葉祈痕見蔣念並沒有怎麽在意自己,眉宇間倏地有了些戾氣,但又很快化回溫柔,等蔣念思考完。

蔣念理了理情緒,覺得還是去看看為好,便忽略了面前的葉祈痕,自顧自地往前走。這種路人甲實在不應該摻和進來。本來劇情就已經夠亂了,要是再加一個不認識的人進來得成什麽樣?

葉祈痕的臉色更加不好看了,抓住蔣念的手腕,只是表面上維持著溫和的外殼:“小姐,你想去哪兒啊?要不我陪你去吧?”其實這話已經有點咬牙切齒了,聽著更像是在威脅。

蔣念轉回頭,深深看了他一眼,然後有些遺憾地說道:“對不起,這和你沒什麽關系。我自己去解決就好了。謝謝你。”然後頭也不回地離開茶館。

葉祈痕望著蔣念的背影,瞳孔黑得深不見底。他偏了偏頭,笑容十分怪異。又將右手食指拇指搓了搓,然後伸進嘴裏淺淺地舔了舔,感受剛才蔣念手腕上留下的溫度,神態有一種十分狎昵的味道,眼中全是*。

------題外話------

。。。。。。。劇情發展,馬力全開

三十六章 瀝莣花

等到蔣念重新回到蘭家的時候門口的守衛卻比剛才的還要更多了,她想了想,在第九城自己只有紫芒幻師的幻力,被抓了很容易走不出去。而且原本女主的計劃應該還有三個多月,如今提前很多,自己也不知道能不能幫上什麽忙。

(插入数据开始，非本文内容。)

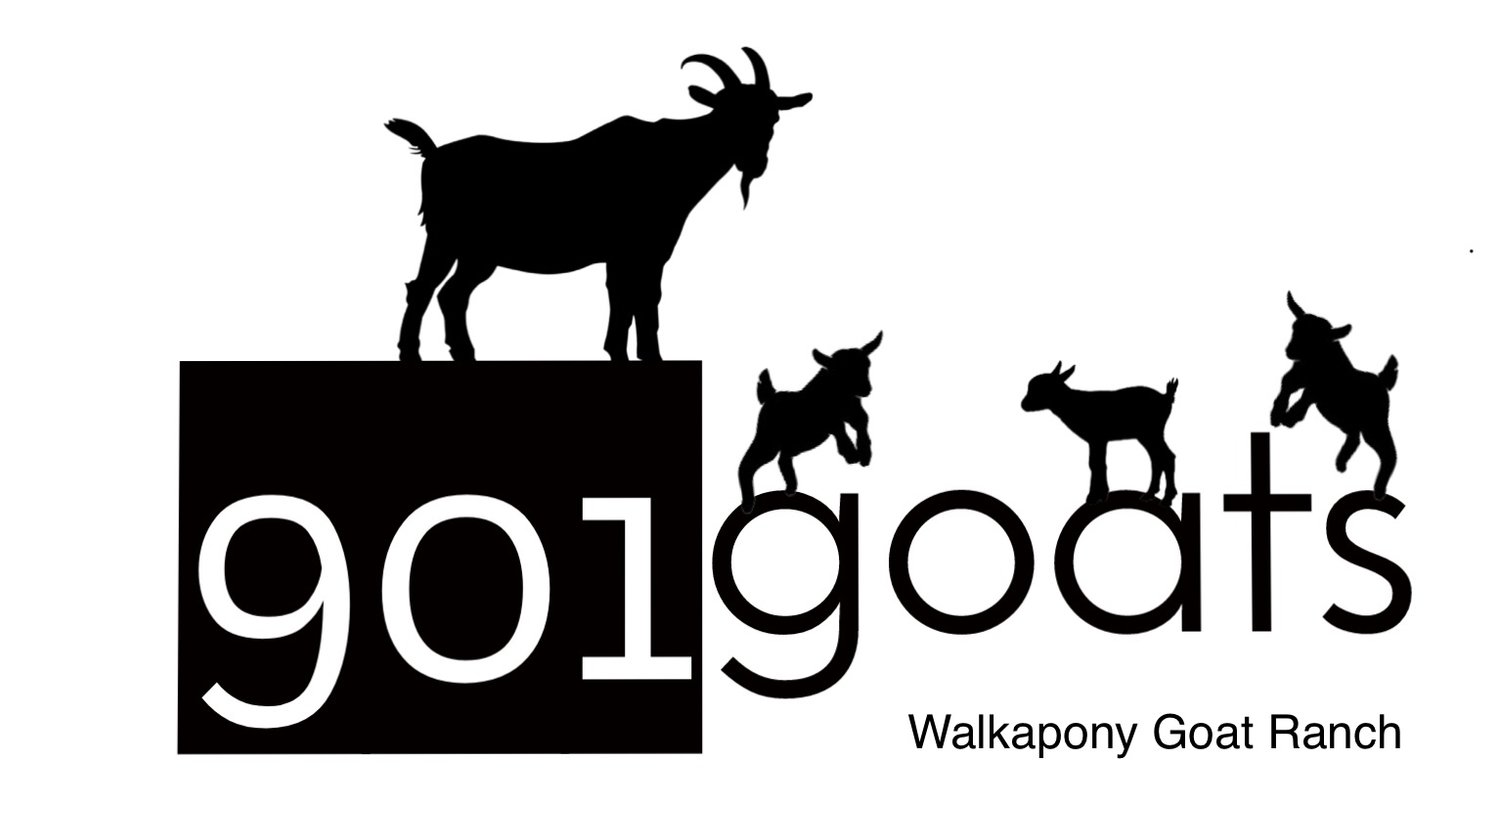 901Goats from Walkapony Goat Ranch

整個蘭家的人員進進出出,充滿緊張感。蔣念多觀察了一會兒,發現進出的人員很有規律,臉上全是一種很愁苦的表情。她又看了一會兒,覺得這樣站下去不行,便偷偷翻過外墻。墻外面也有一層禁制,但是好在沒有提醒用警報,她硬生生受過一次幻力侵蝕,然後撲倒在了蘭家內院的草坪上。

蔣念抹了抹嘴角的血,順著大路就走到了大廳,最是人滿的地方。現在裏面有兩個人坐在主位,蔣念猜測那就是女主父親和那個小妾,那個父親好像叫蘭鶴,至於那個小妾,名字倒是記不住了。兩人眉間都是疲態和陰氣,而那個小妾的臉極其蒼白,似乎身體裏沒有血液。

蔣念潛在外墻,屏住呼吸,想要確定他們到底發生了什麽事。

那個小妾首先沈不住氣,聲音有些顫抖:“老爺……現在怎麽辦?侖,侖兒,會不會已經……。”她說到後面已經完全說不下去,全是哽咽。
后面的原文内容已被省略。